The optimal number of estimators was 50 and the depth was 1.

### 6.2(f)

**Task: Compare the three optimised classifiers you have made by applying them to the test set and obtaining the corresponding confusion matrices. Also compute the [precision](https://scikit-learn.org/stable/modules/generated/sklearn.metrics.precision_score.html), [recall](https://scikit-learn.org/stable/modules/generated/sklearn.metrics.recall_score.html), and the [balanced accuracy](https://scikit-learn.org/stable/modules/generated/sklearn.metrics.balanced_accuracy_score.html) for the test set. Which classifier performs best?**



**Hint:** The metrics can be computed as follows:
```python
from sklearn.metrics import ConfusionMatrixDisplay
from sklearn.metrics import (
    recall_score,
    precision_score,
    balanced_accuracy_score,
)

y_hat = best_tree.predict(X_test)
recall_tree = recall_score(y_test, y_hat)
precision_tree = precision_score(y_test, y_hat)
bac_tree = balanced_accuracy_score(y_test, y_hat)
print(f"Recall: {recall_tree:.3f}")
print(f"Precision: {precision_tree:.3f}")
print(f"Balanced accuracy: {bac_tree:.3f}")

ConfusionMatrixDisplay.from_estimator(
    best_tree,
    X_test,
    y_test,
    colorbar=True,
)
```

In [None]:
from sklearn.metrics import ConfusionMatrixDisplay
from sklearn.metrics import (
    recall_score,
    precision_score,
    balanced_accuracy_score,
)

fig, axes = plt.subplots(constrained_layout=True, ncols=3, figsize=(9, 3))

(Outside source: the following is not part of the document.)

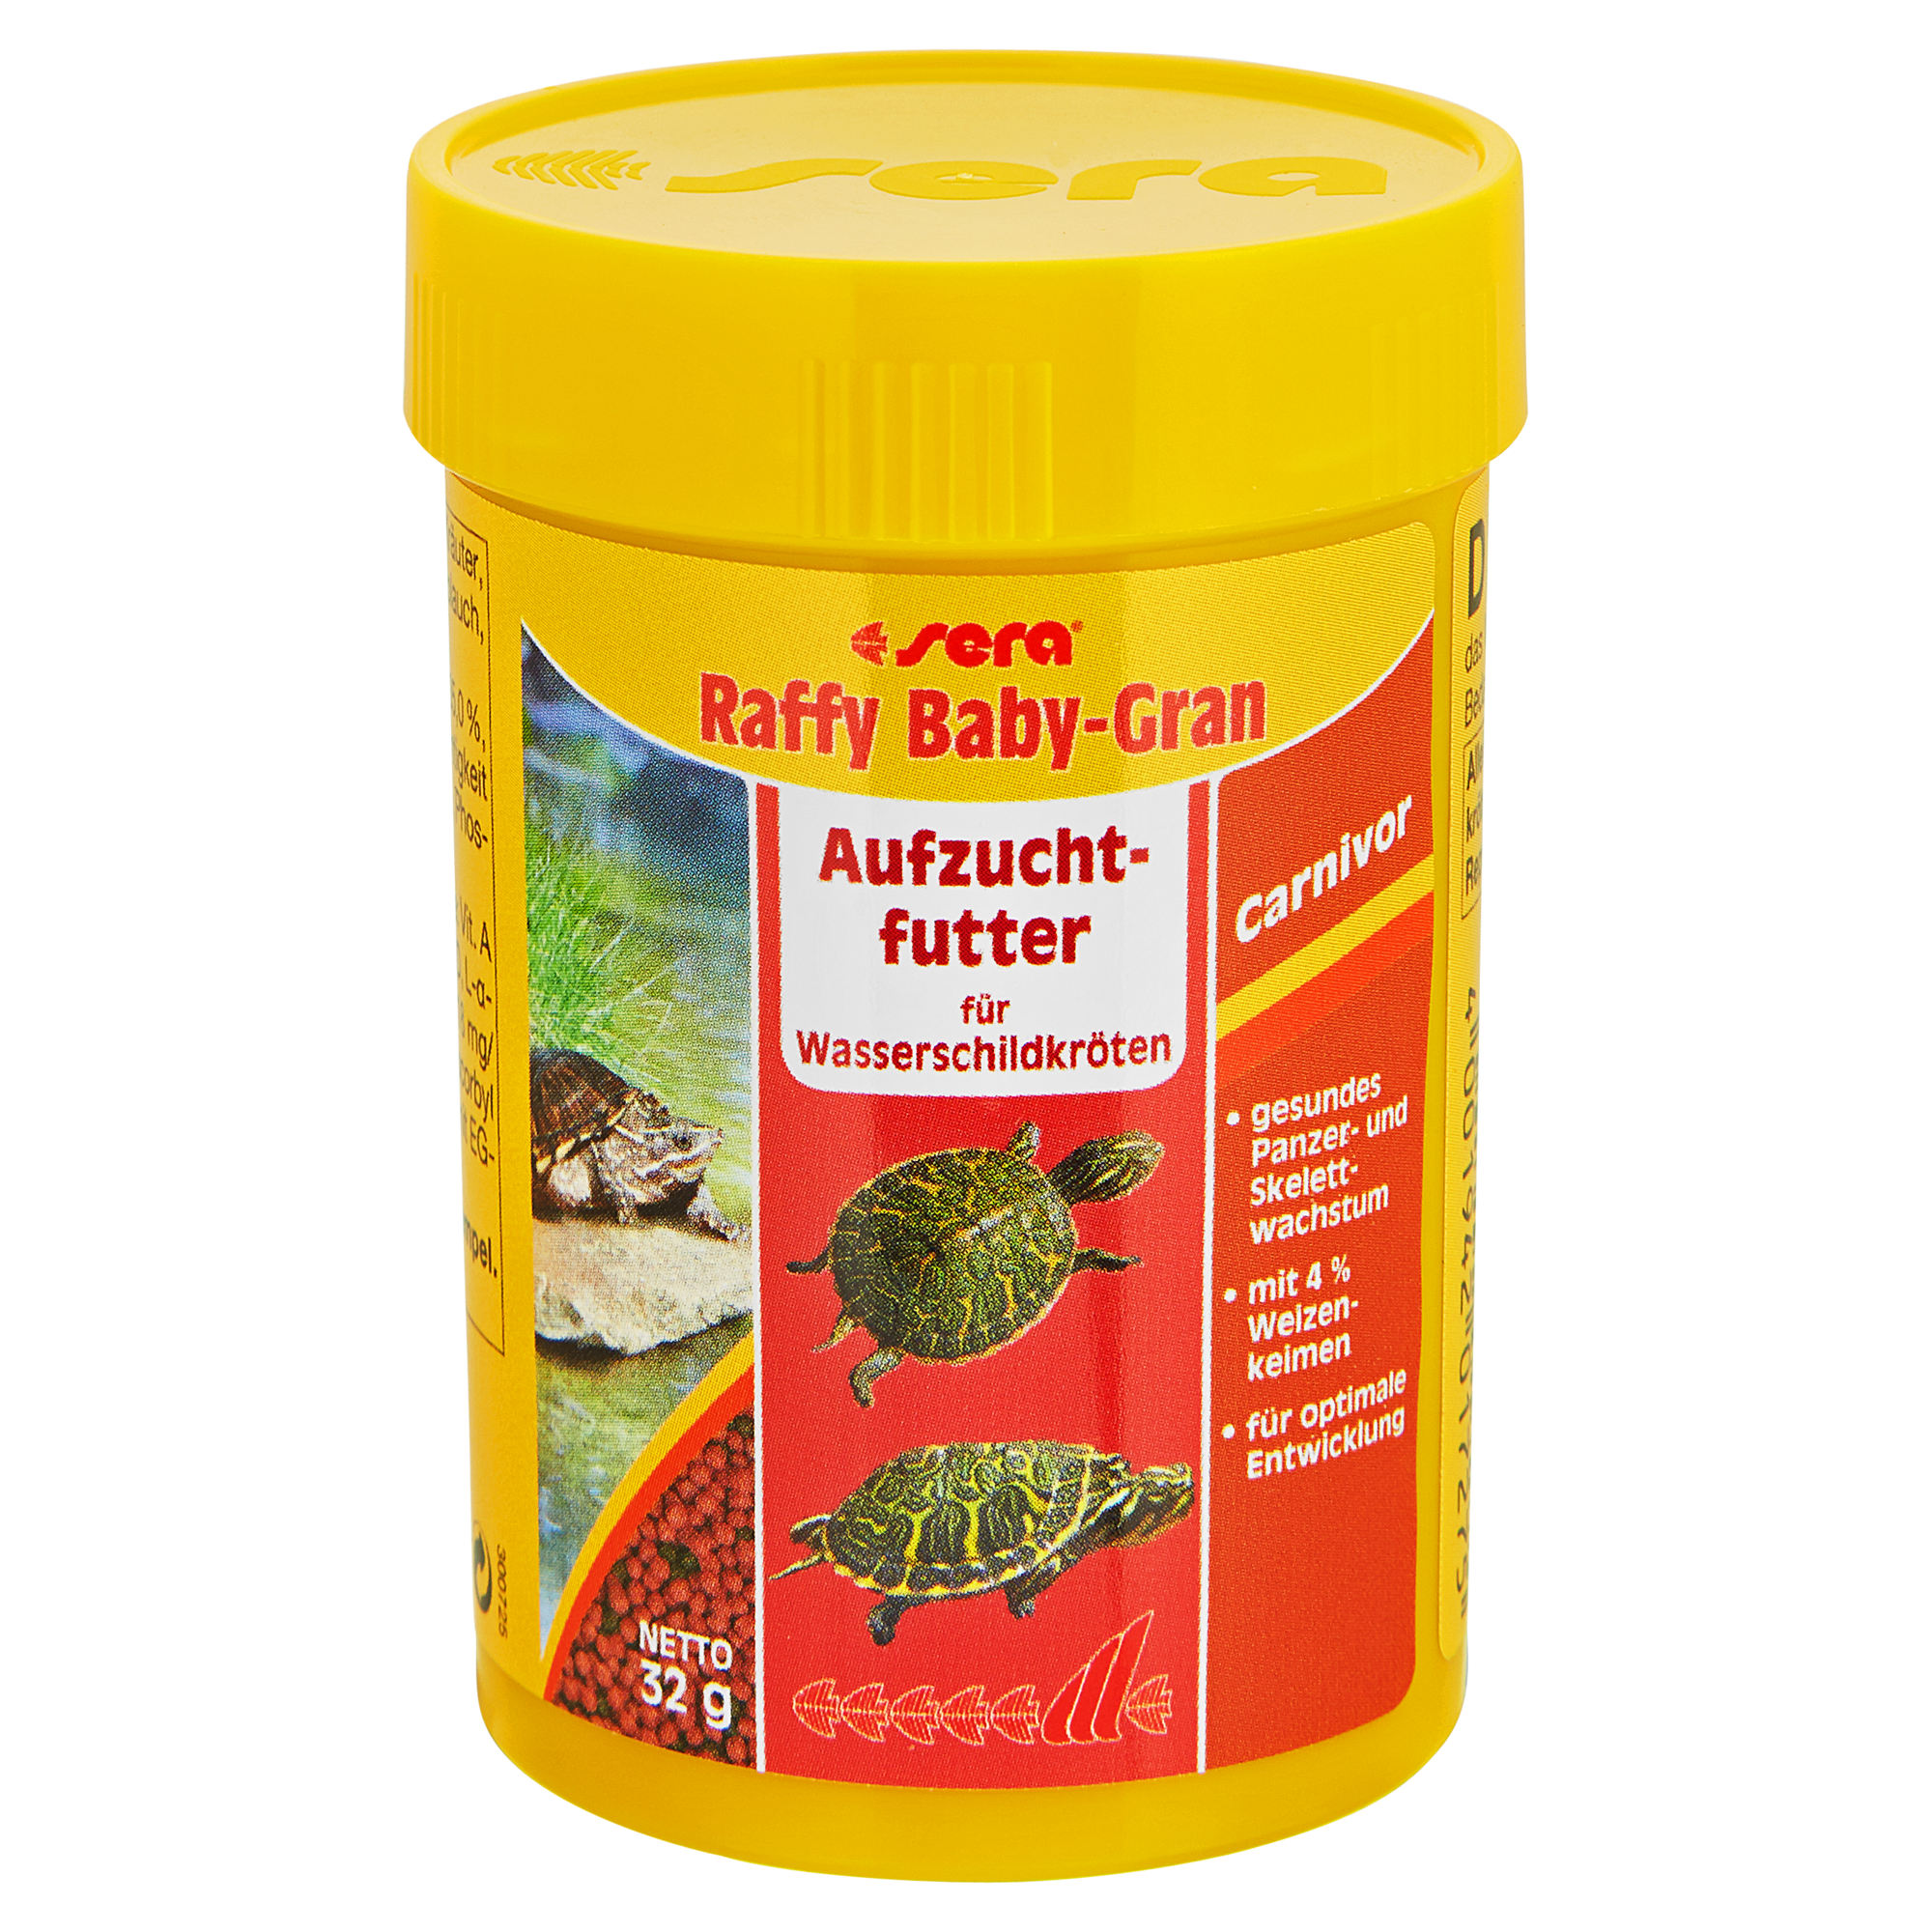 Reptilienfutter Wasserschildkröten Raffy Baby-Gran 32 g + product picture

axes[0].set_title("Decision tree (test)")
ConfusionMatrixDisplay.from_estimator(
    best_tree,
    X_test,
    y_test,
    colorbar=False,
    ax=axes[0],
)
fig.colorbar(axes[0].images[0], ax=axes[0], shrink=0.7)

axes[1].set_title("kNN (test)")
ConfusionMatrixDisplay.from_estimator(
    best_knn, X_test, y_test, colorbar=False, ax=axes[1]
)
fig.colorbar(axes[1].images[0], ax=axes[1], shrink=0.7)

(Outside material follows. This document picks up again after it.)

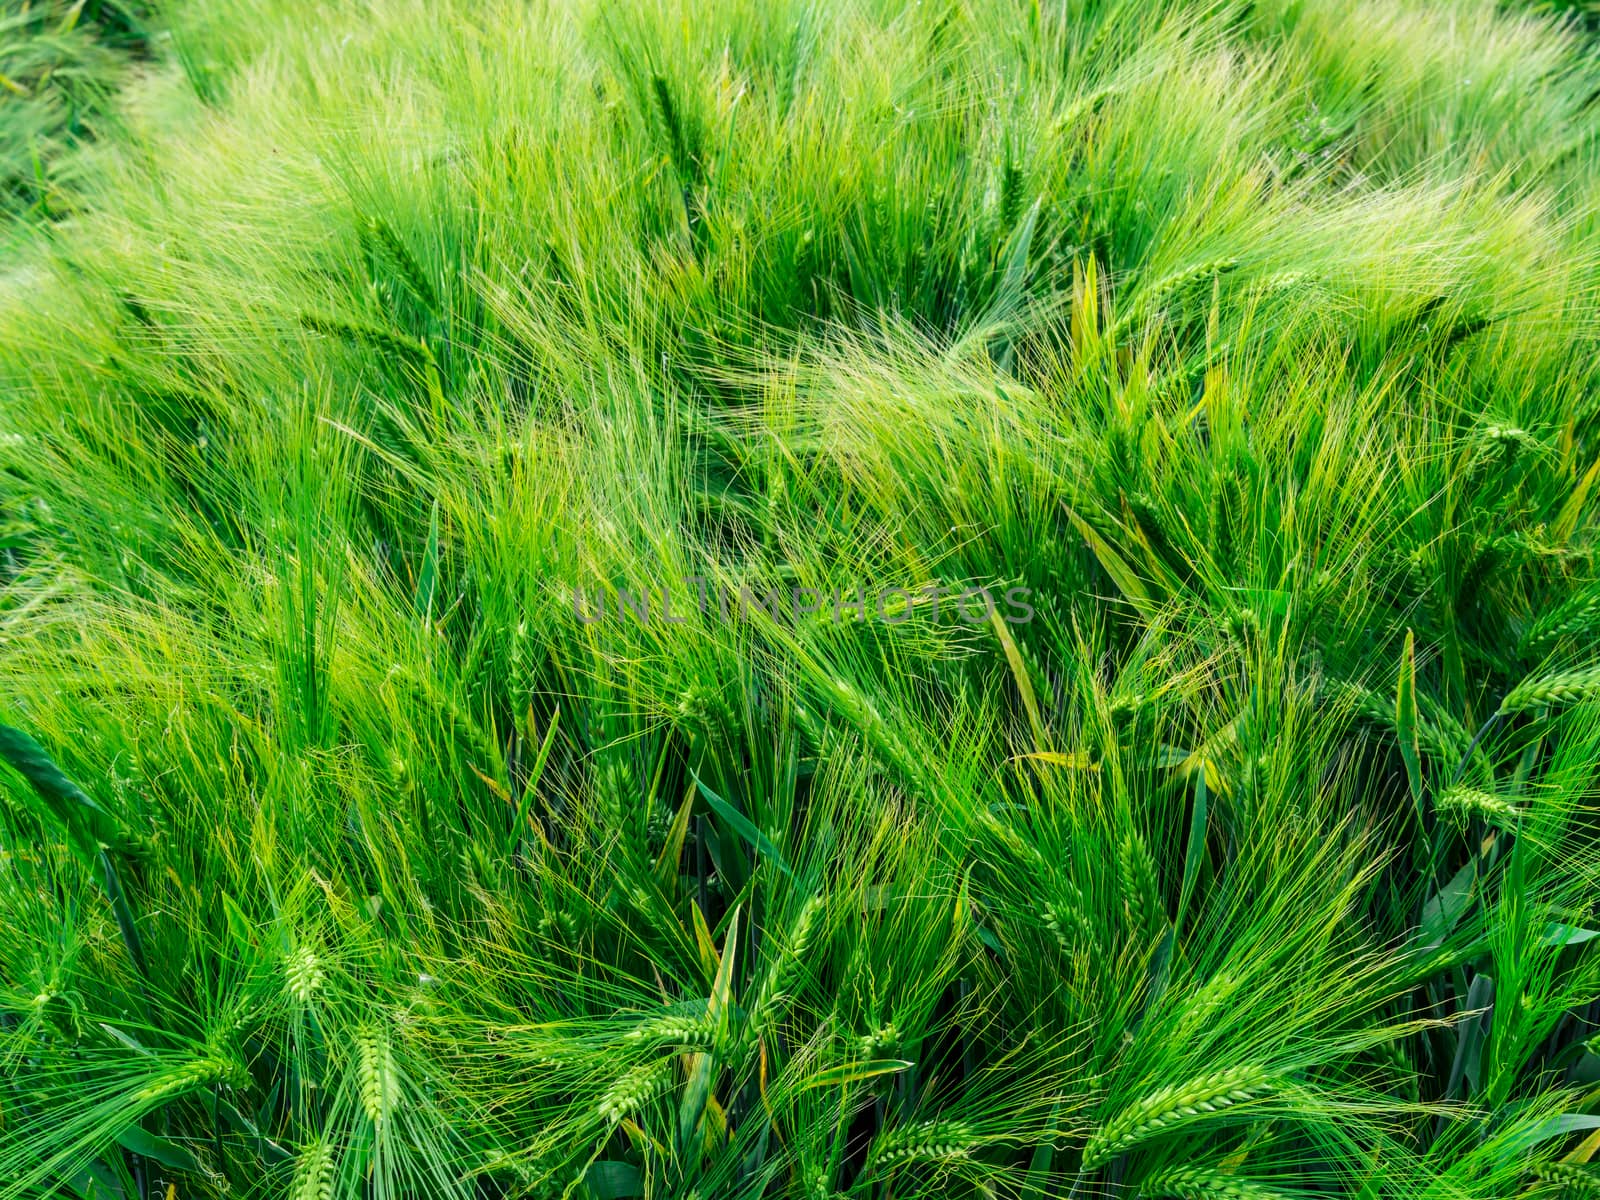 Green barley awns in June

axes[2].set_title("Random forest (test)")
ConfusionMatrixDisplay.from_estimator(
    best_forest, X_test, y_test, colorbar=False, ax=axes[2]
)
fig.colorbar(axes[2].images[0], ax=axes[2], shrink=0.7)

In [None]:
table = {
    "Classifier": [],
    "Recall (test)": [],
    "Precision (test)": [],
    "Balanced accuracy (test)": [],
}
for cls in (best_tree, best_knn, best_forest):
    name = str(cls)
    print(name)
    y_hat = cls.predict(X_test)
    recall = recall_score(y_test, y_hat)
    precision = precision_score(y_test, y_hat)
    bac = balanced_accuracy_score(y_test, y_hat)
    table["Classifier"].append(name)
    table["Recall (test)"].append(recall)
    table["Precision (test)"].append(precision)
    table["Balanced accuracy (test)"].append(bac)
    print(f"\t-Recall: {recall:.3f}")
    print(f"\t-Precision: {precision:.3f}")
    print(f"\t-Balanced accuracy: {bac:.3f}")
table = pd.DataFrame(table)
table.sort_values(by="Recall (test)", ascending=False)

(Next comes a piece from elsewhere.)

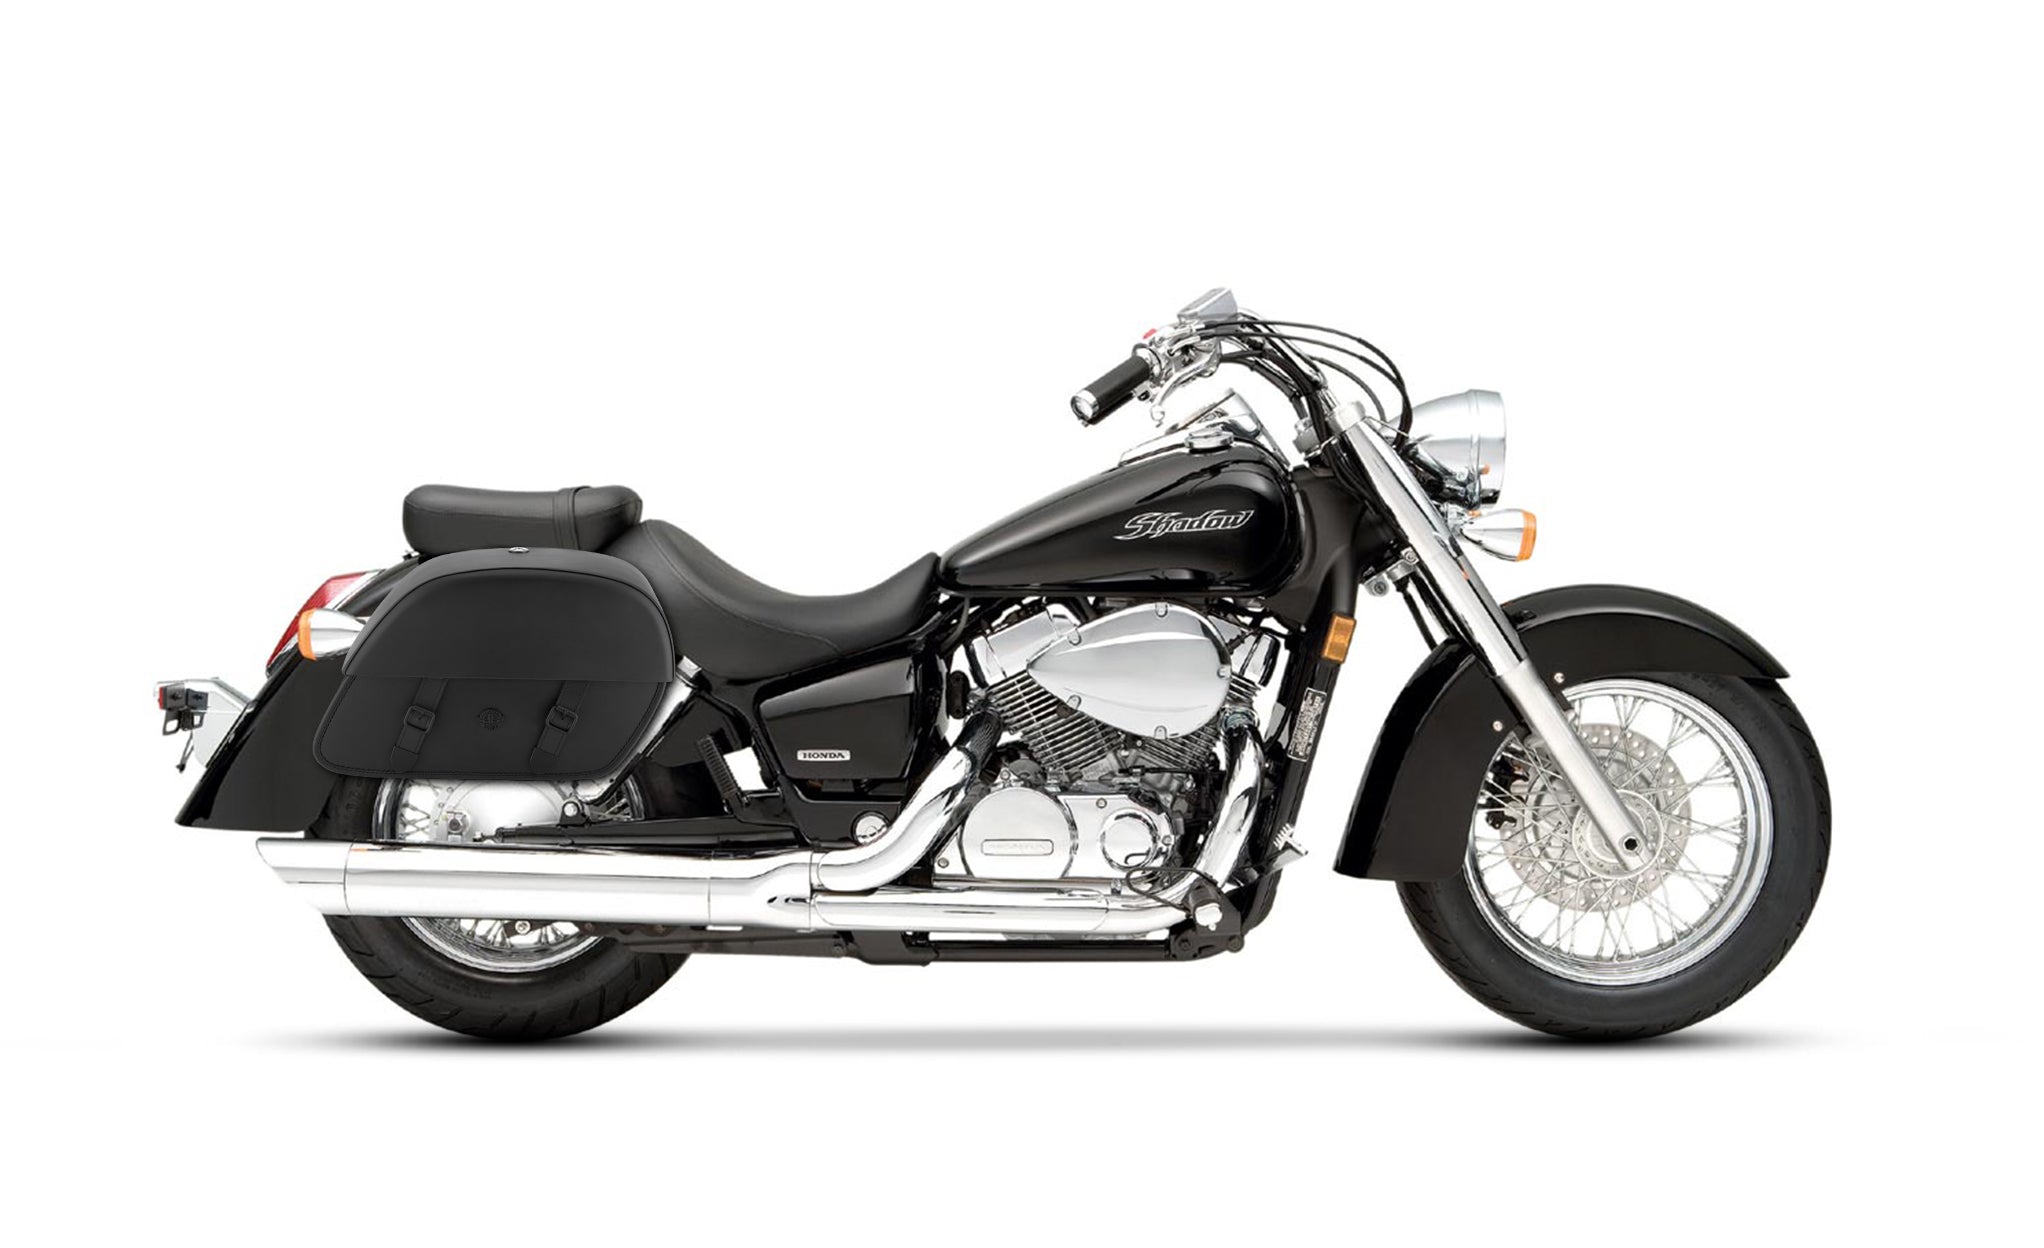 28L - Baelor Medium Quick Mount Honda Shadow 750 Aero Motorcycle Saddlebags @expand

#### Your answer to question 6.2(f): Which classifier performs best?
From these results, we see that the random forest classifier makes fewer false negative mistakes (resulting in a higher recall). However, it produces one additional false positive compared to the k-nearest neighbours classifier (resulting in a lower precision). Since we focus on minimizing the number of false negatives (as per our answer to 6.2(b)), the random forest classifier performs best.